> _Problem to solve_
Extract the whole listing as it stands. Do not include the pictures.

> _Given data_

......

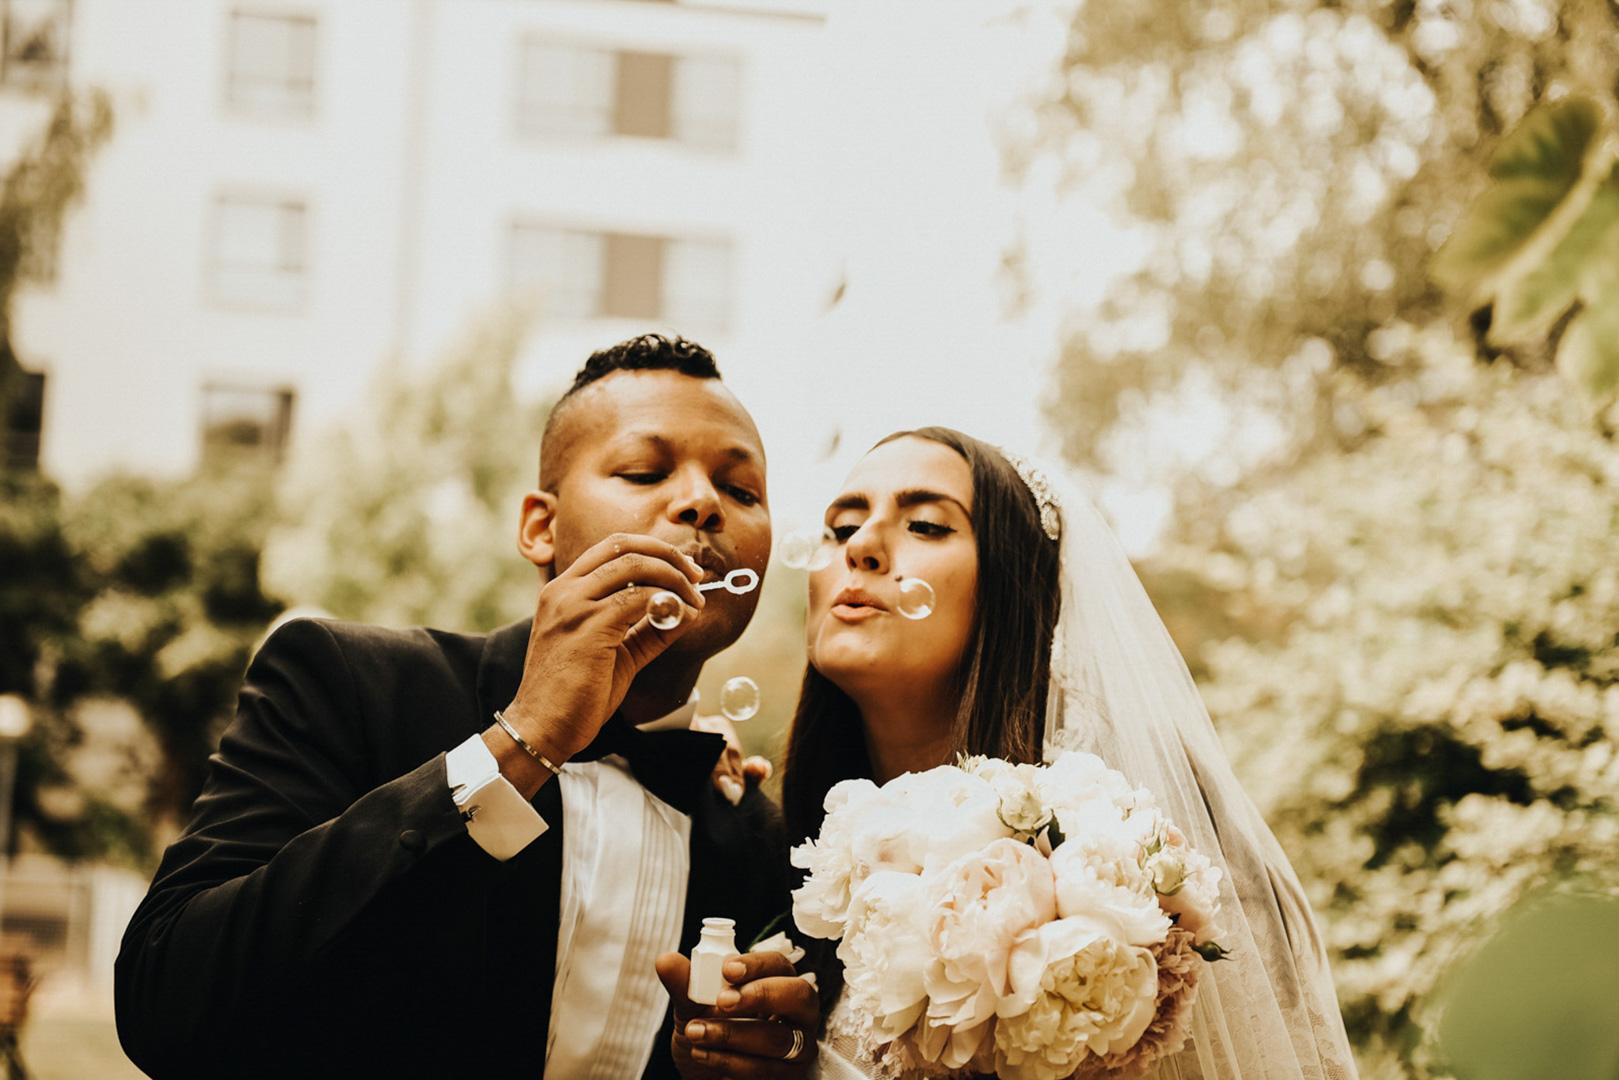 bride and groom best photographer copenhagen
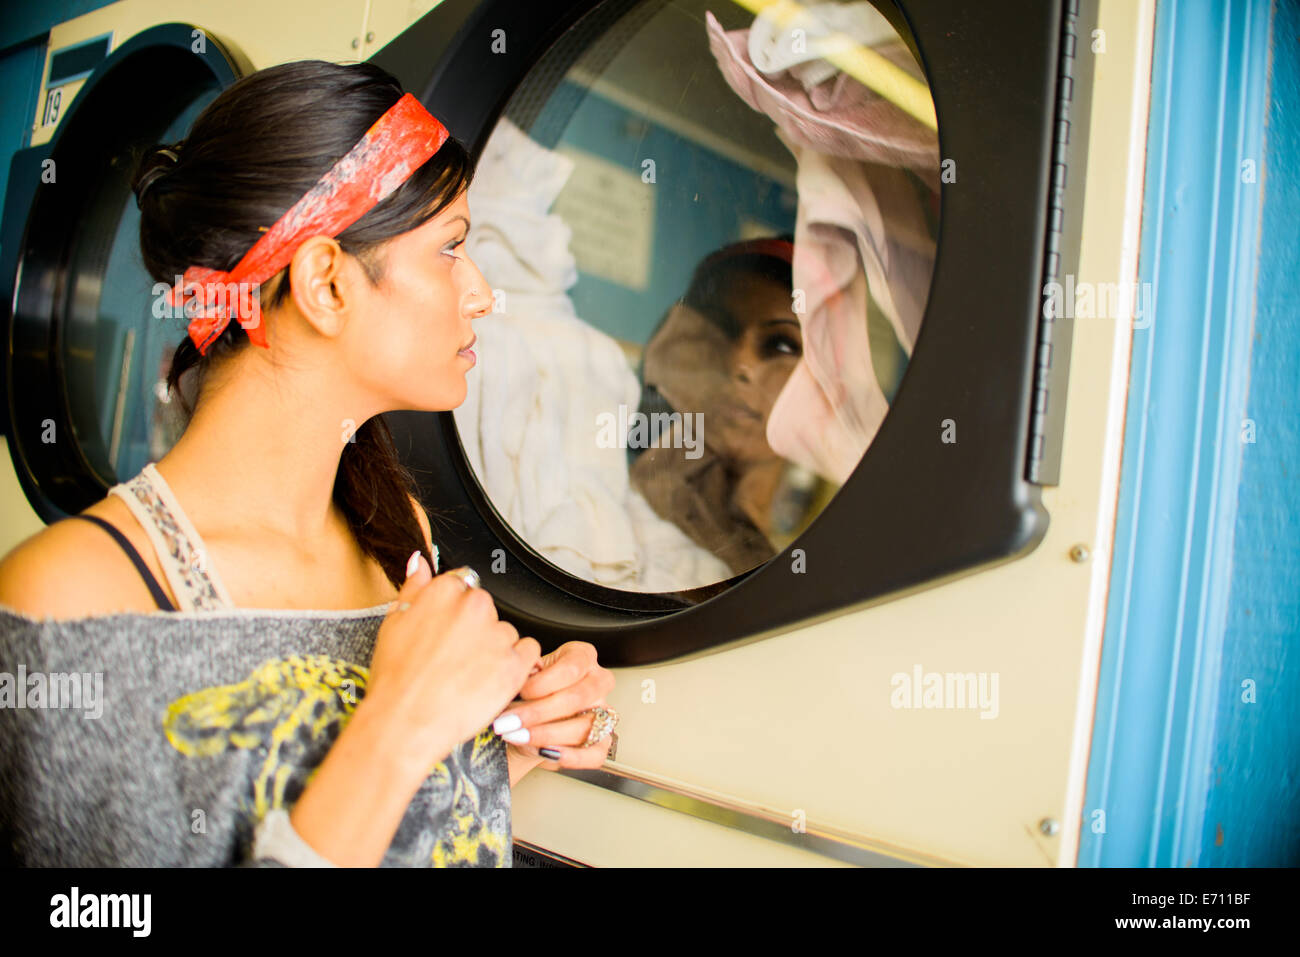 Junge Frau im Waschsalon, waschen in der Maschine zu beobachten Stockbild
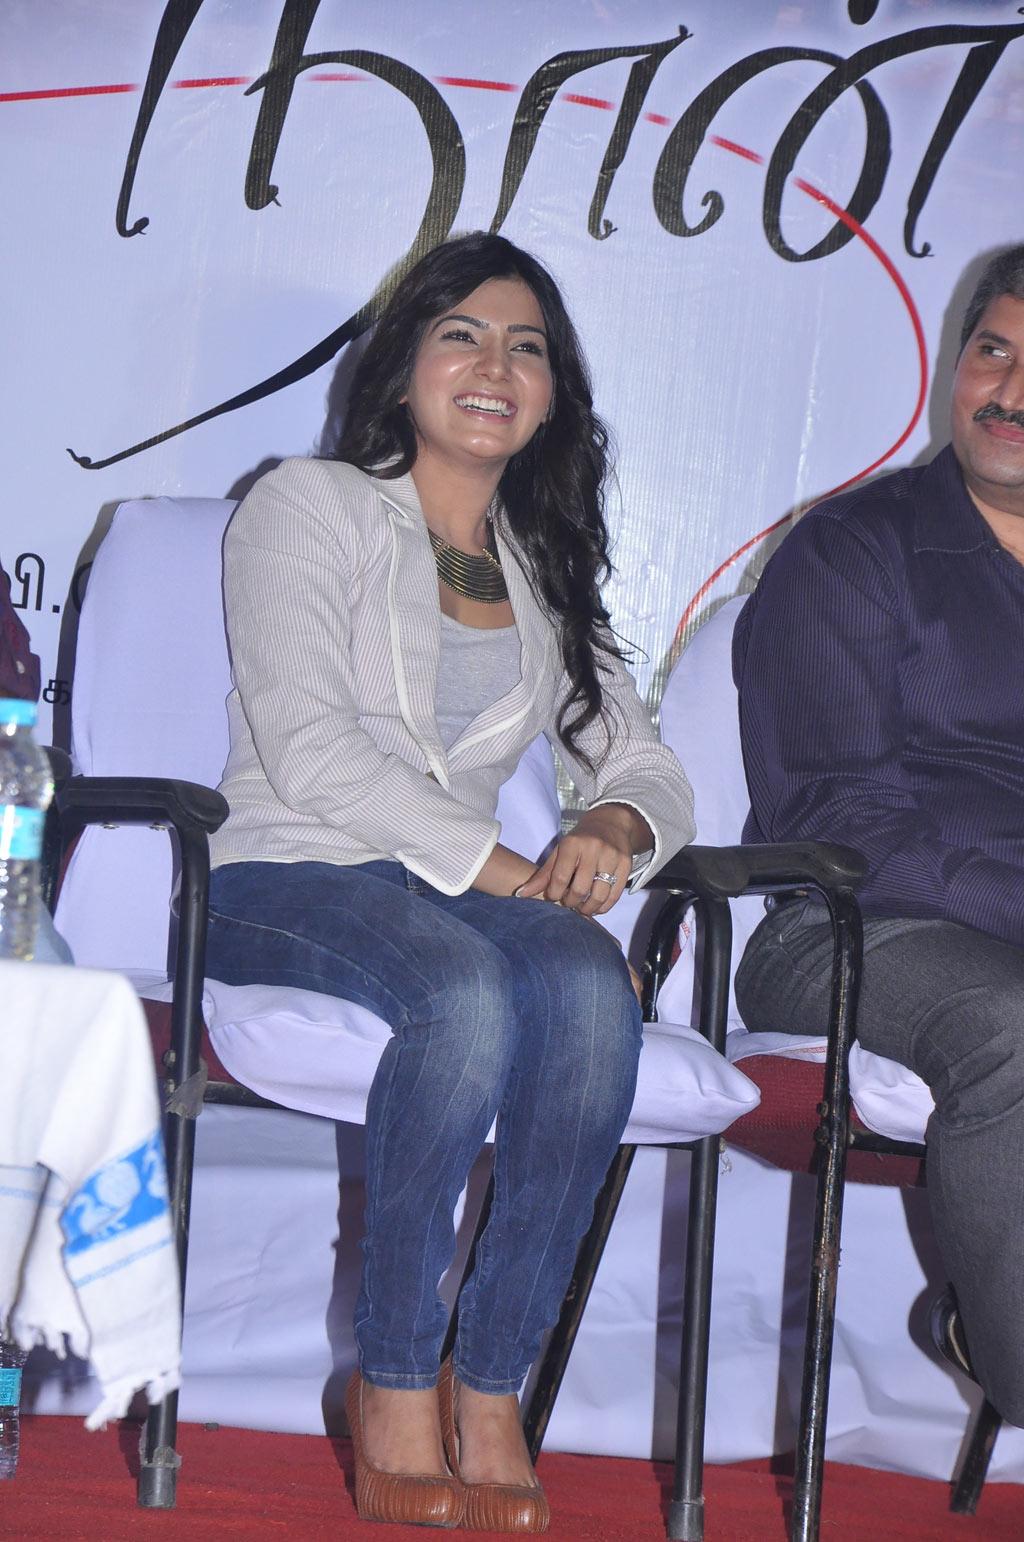 http://1.bp.blogspot.com/-zHQ4dWW2VI4/T0KFiSzPWxI/AAAAAAAADJU/znP20zLEm00/s1600/Samantha-At-Naan-Ee-Movie-Press-Meet-5.jpg

......

> _Written answer_
 bride and groom best photographer copenhagen
 Junge Frau im Waschsalon, waschen in der Maschine zu beobachten Stockbild
 http://1.bp.blogspot.com/-zHQ4dWW2VI4/T0KFiSzPWxI/AAAAAAAADJU/znP20zLEm00/s1600/Samantha-At-Naan-Ee-Movie-Press-Meet-5.jpg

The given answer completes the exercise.